A 'Reddy' reckoner of 70's campus politics

Update: 2019-11-23 00:12 IST

The atmosphere is just right for the release of 'George Reddy'. With the country's known left bastion JNU already in the news for its prolonged student agitation, this film, based on the violent times of the 1970s in Osmania University campus is in many ways a mirror of that era, in which far-reaching ideological and political changes took place in India.

Having whipped up considerable interest with regard to its content and bagging its share of celebrity endorsements and controversies, the movie stays faithfully rooted to what it sets out to showcase – the brave, never-say-die biography of George Reddy ( Sandeep Madhav) who was a tall student union leader of his period.

Given that the students were under the spell of mainstream student union leaders (no prizes for guessing, who they were and which parties they belonged to) then, director B Jeevan Reddy painstakingly builds up the alternate platform based on Red ideology onto which the protagonist moves his faithful flock.

Of course, George Reddy has the entire Establishment against him – a strict, one-sided Vice-Chancellor, openly biased police force, rival student gangs and the lumpens of the old city who bay for his blood.

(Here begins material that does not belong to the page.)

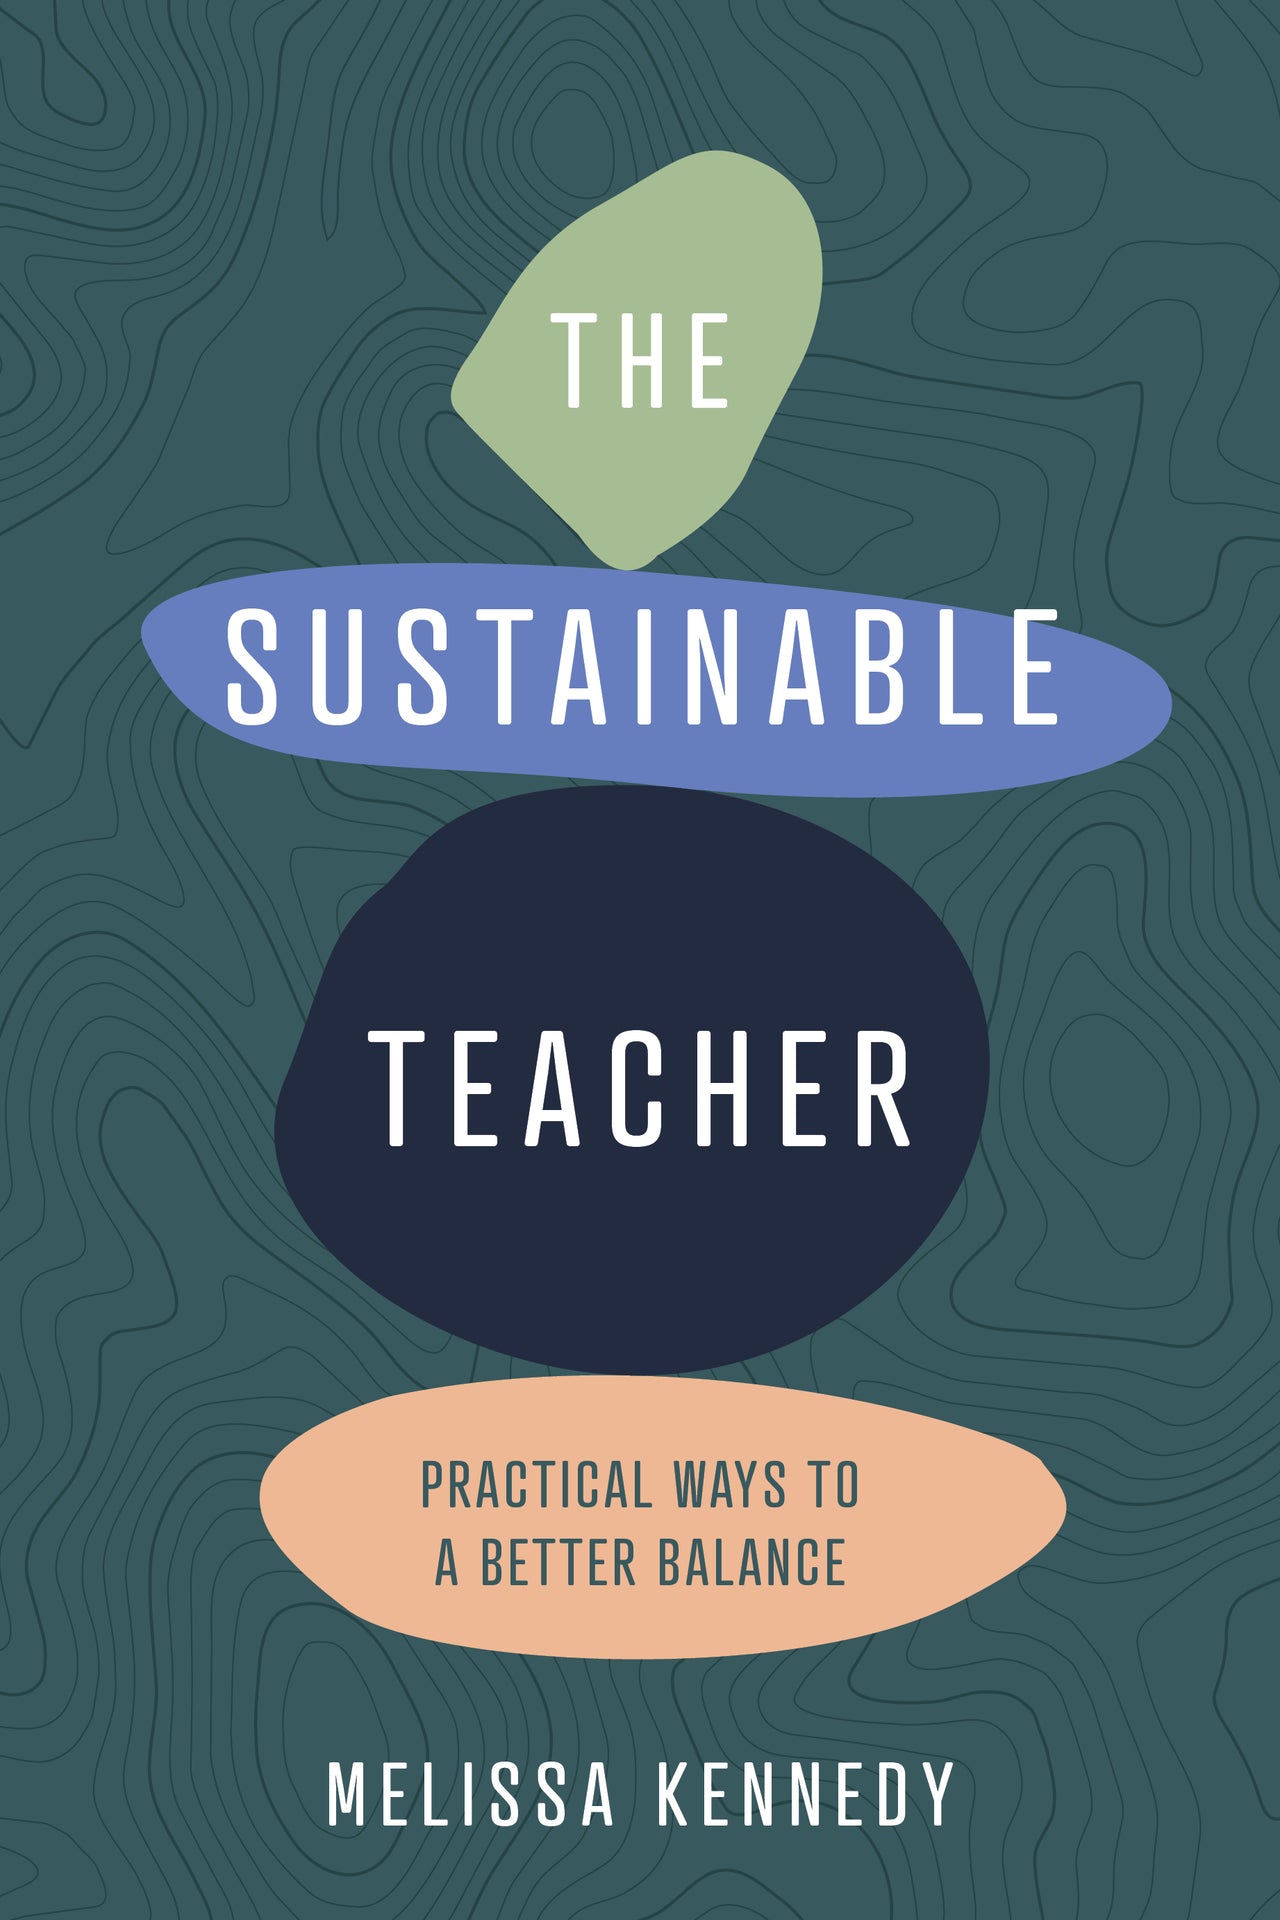 The Sustainable Teacher

Not taking too strident a stand on any issue, the film just keeps on and on with the struggles of the hero, who has a doting mother, a weak-in-the-knees heroine ( Muskaan Khubchandani), a constantly supportive set of friends and fellow students ( Pawon Ramesh stands out among them) and remains content stringing all of them together.

Unlike the openly Leftist-oriented films which Telugu cinema patrons had seen over the years, this film merely scrapes the surface, allowing the viewers to idolise the hero, rather than identify with the causes and the ideology which he based it on. Using a commercial framework to narrate what could have been a serious, impactful film seems an attempt to satisfy both the mass and the class crowd.

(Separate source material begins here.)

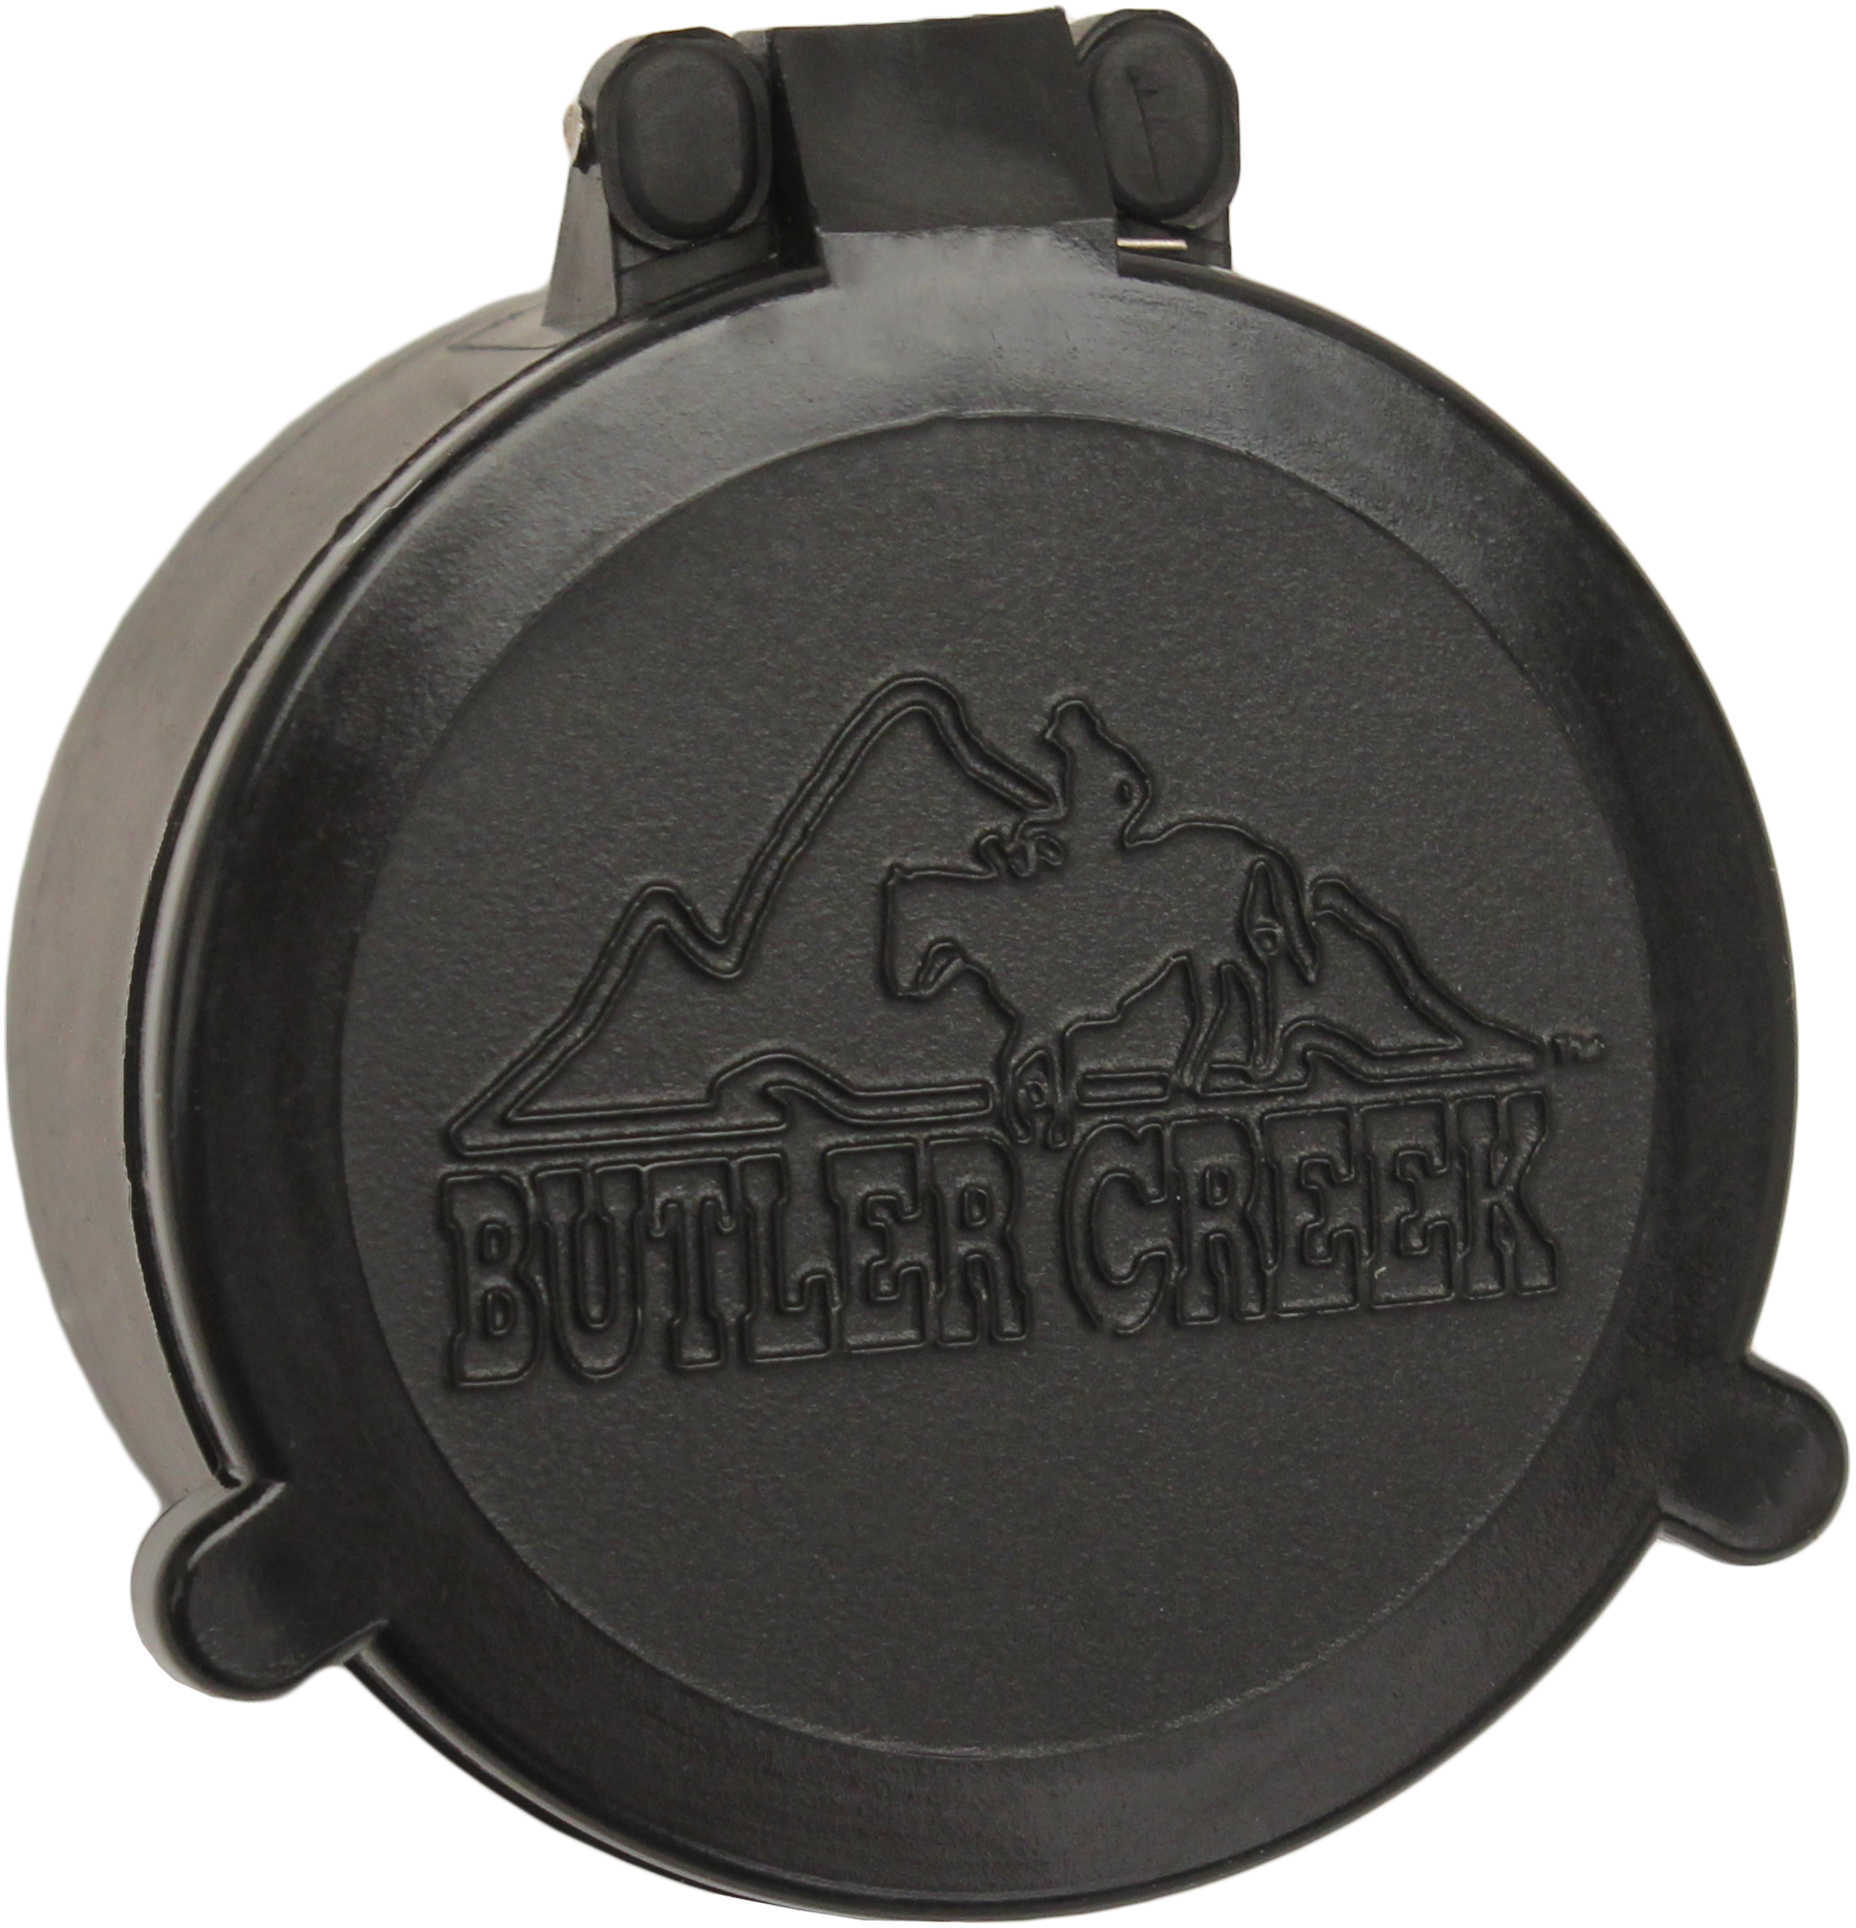 Butler Creek 30170 Flip-Open Scope Cover Objective Lens 40.90mm Slip On Polymer Black

The heroics of George Reddy are well-documented, but the rawness and the realistic overtone which one seeks in such flicks is missing. As far as Sandeep Madhav goes, he seems tailor-made for the role, with a serious, focused demeanour.

He is let down by a narration which makes him an unvanquished star rather than a hard-working mass leader who strived to bring in an egalitarian, student-friendly ambience in the University.

This is where the film ends up a routine glorification of a real life icon, who is still revered by the old timers in the city and everywhere in the country.